- Born: August 18, 1984 (age 41) Osaka, Japan
- Years active: 2010-present
- Formerly of: SECRET GUYZ

= Yukichi (singer) =

' (born 18 August 1984 in Osaka) is a Japanese singer, actor and TV personality who works for the Yoshimoto Kogyo entertainment agency. He is Yoshimoto's first transgender male entertainer.

He was formerly a member of the all-female-to-male music group SECRET GUYZ, and a finalist for the auditions of the mixed-gender idol group Yoshimotozaka 46. His current aim with his work is to increase public awareness and acceptance of the LGBTQ community.

== Career ==
Yukichi debuted in the entertainment industry in 2010.

His first written book, "I am the Eldest Daughter", detailing his upbringing and early life was released on 23 February 2010.

In 2012, he formed SECRET GUYZ with fellow transgender male entertainers Yoshihara Shute and Ideka Taiki, and the group had their CD debut the following year.
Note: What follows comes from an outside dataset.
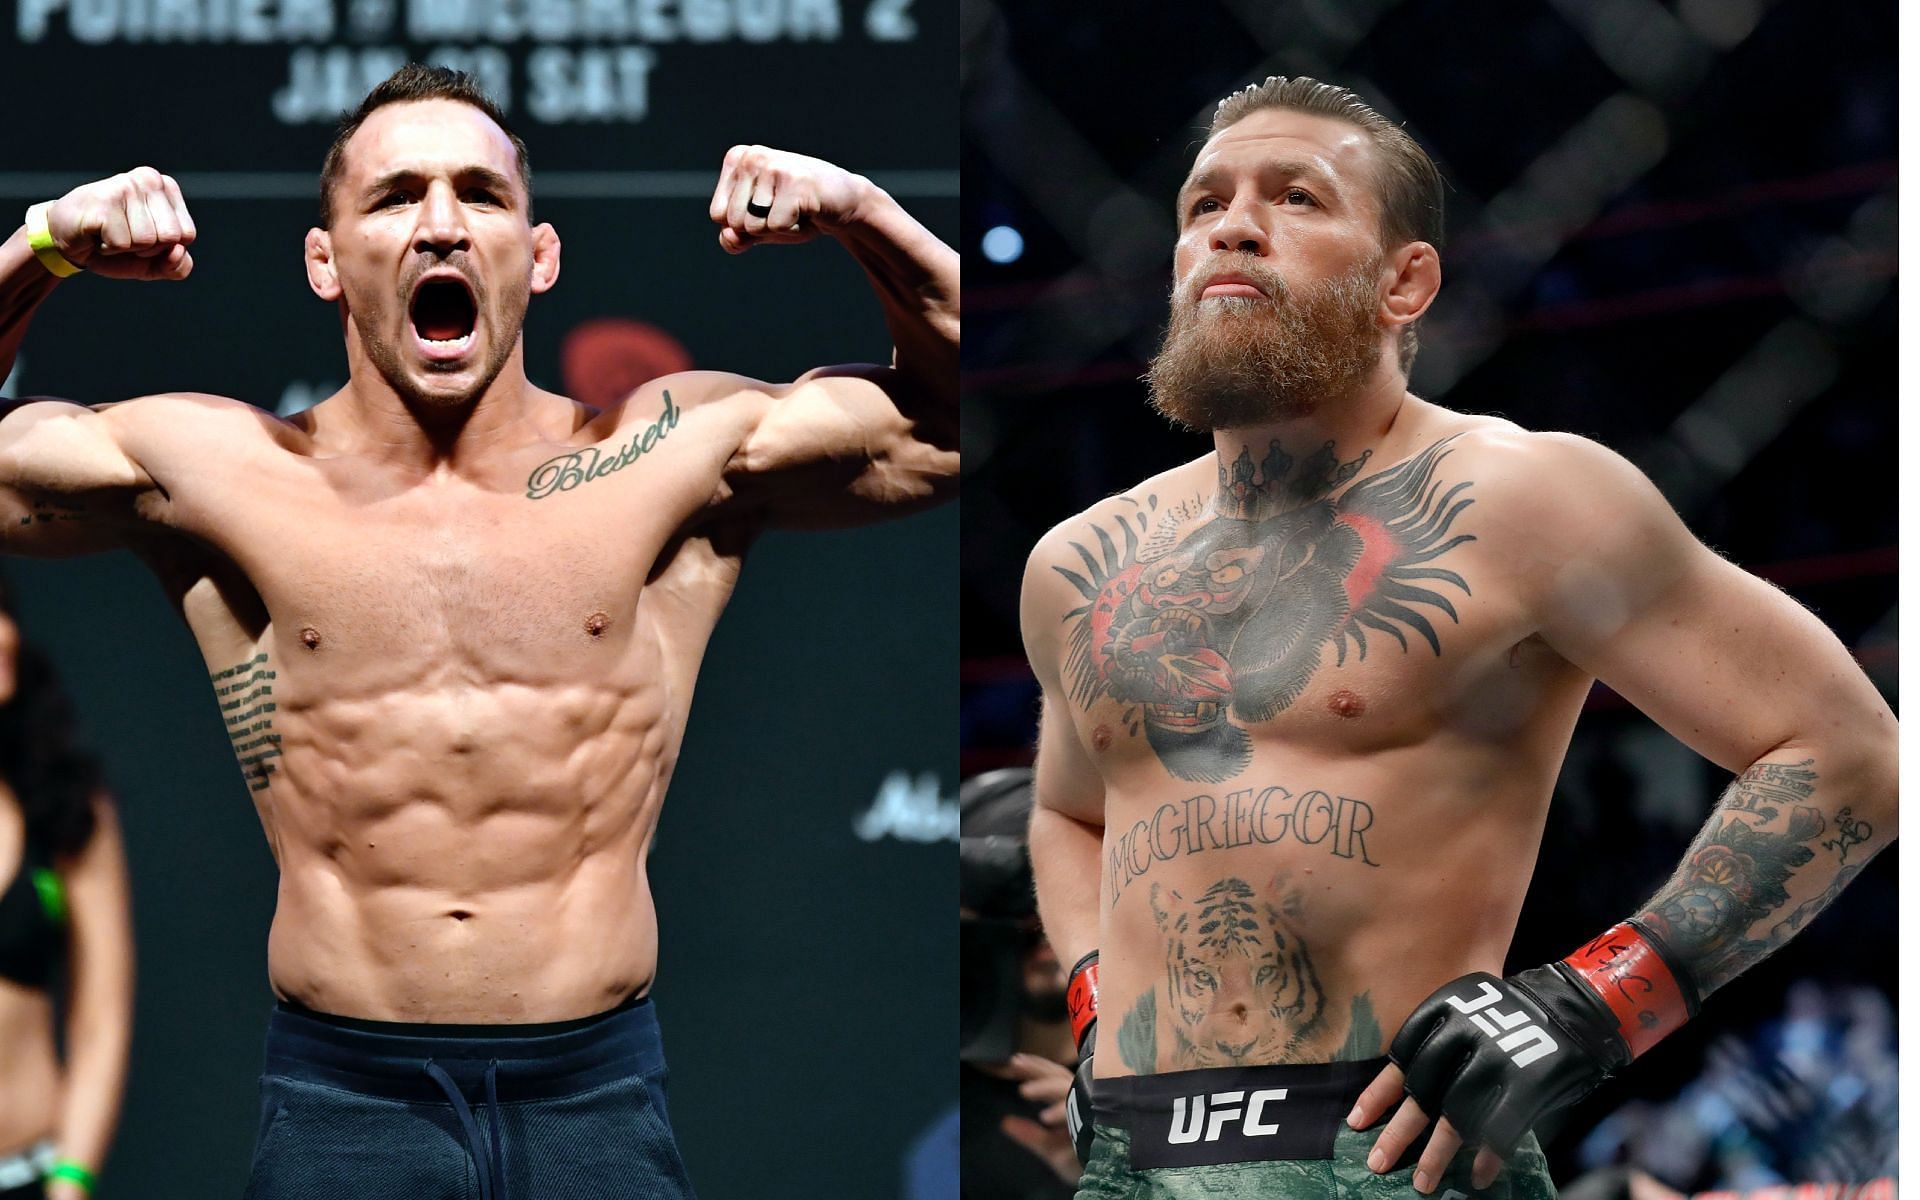 Michael Chandler (left) and Conor McGregor (right) [Image credits: Getty Images] 
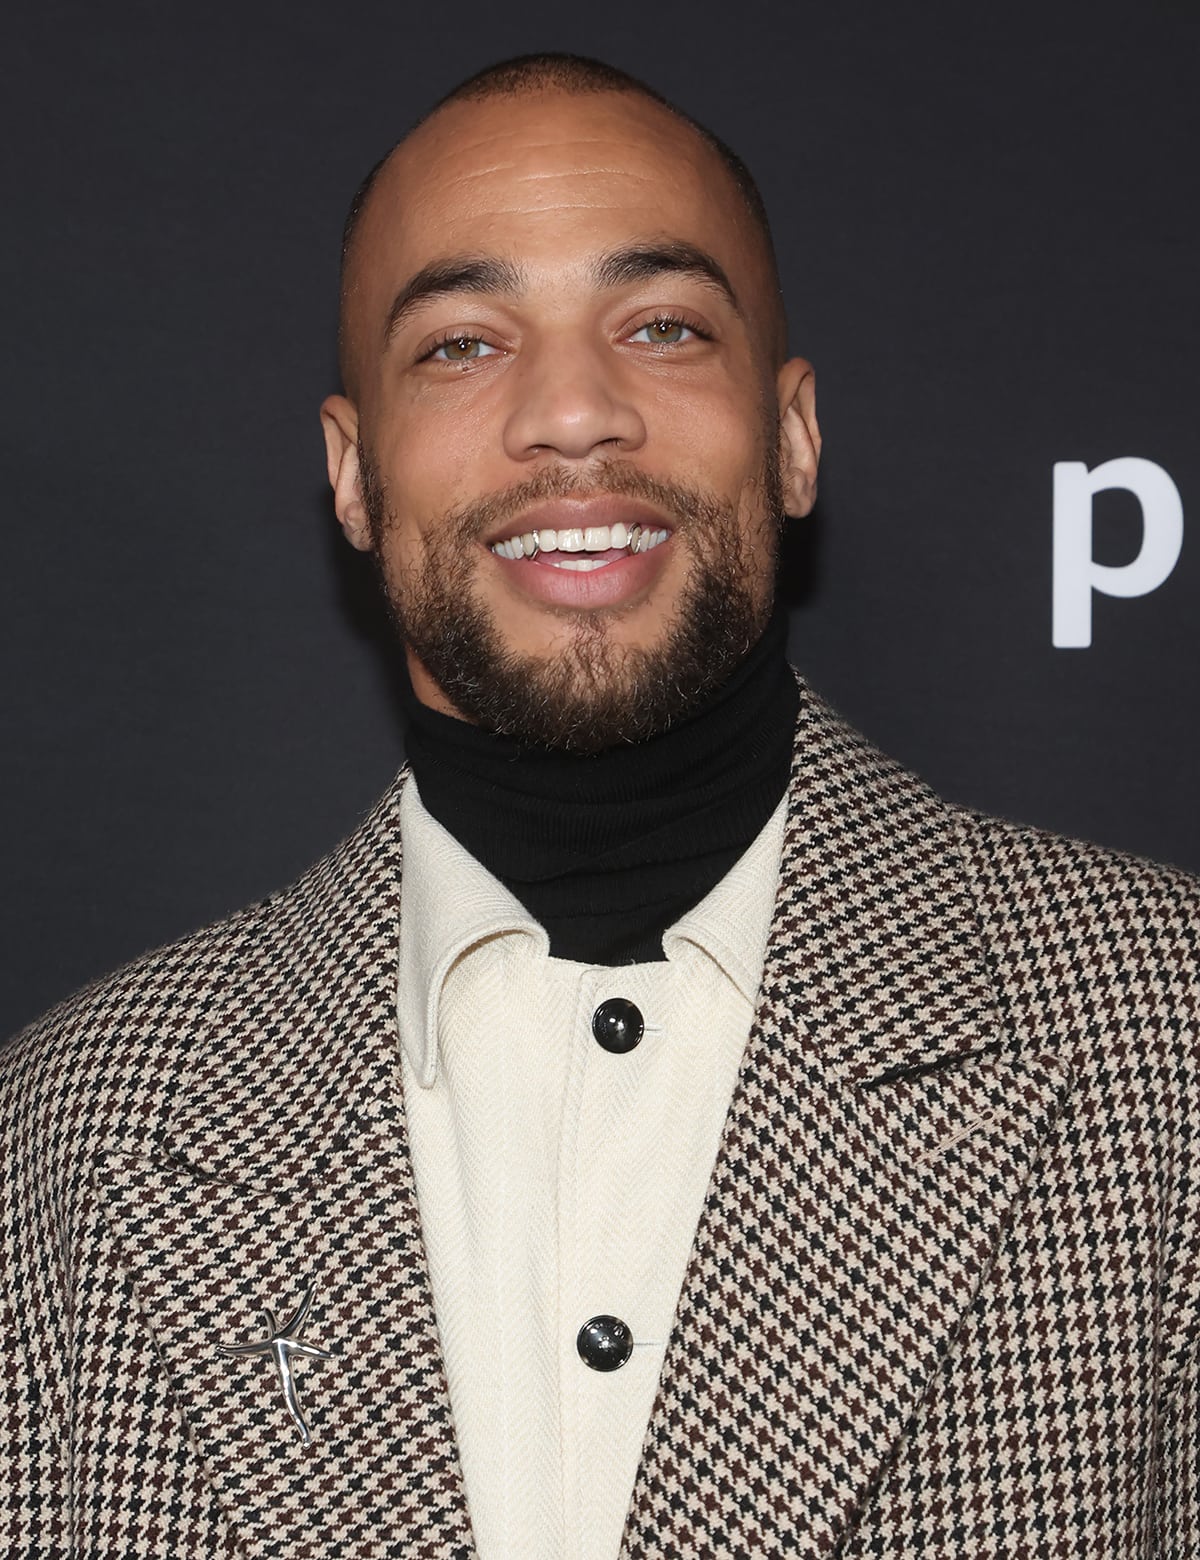 Kendrick Sampson styles his look with an Elsa Peretti Starfish brooch and a couple of Tiffany rings

SECRET GUYZ continued activity until their disbandment on 12 February 2018.

As a member of SECRET GUYZ, Yukichi performed at Tokyo Rainbow Pride 2016.

In August 2018, he participated in the auditions for Yoshimotozaka46, where he advanced to the finals.

In October 2018, he served as a host at the GRAMMY TOKYO 6th anniversary Halloween party.

In December 2018, he opened a bar named YUKICHIBAR in Shinjuku, where he has since worked as the manager.

== Performances ==

=== Stage productions ===
Source:
- Double Booking (Feb 2010, Jimbocho Kagetsu)
- Otoko Oiran (Mar/May 2014, Sasazuka Factory and others)
- Stage: Pankisu! 3D (August 2015, Shinjuku Alta Studio)
- Geigeki + Talk: Reading ‘Tokyo’ (February 2016, Tokyo Metropolitan Art Theatre)

=== Television series ===
- Weak Man, a series of mini-dramas starring SECRET GUYZ (8 Dec 2014 - 9 Mar 2015, BS11).

=== Films ===
- Yadori (2019)

=== Variety shows ===
- Ebisu Kecakpu (8 Apr-13 - 9 Sep-13, TOKYO MX), as part of SECRET GUYZ.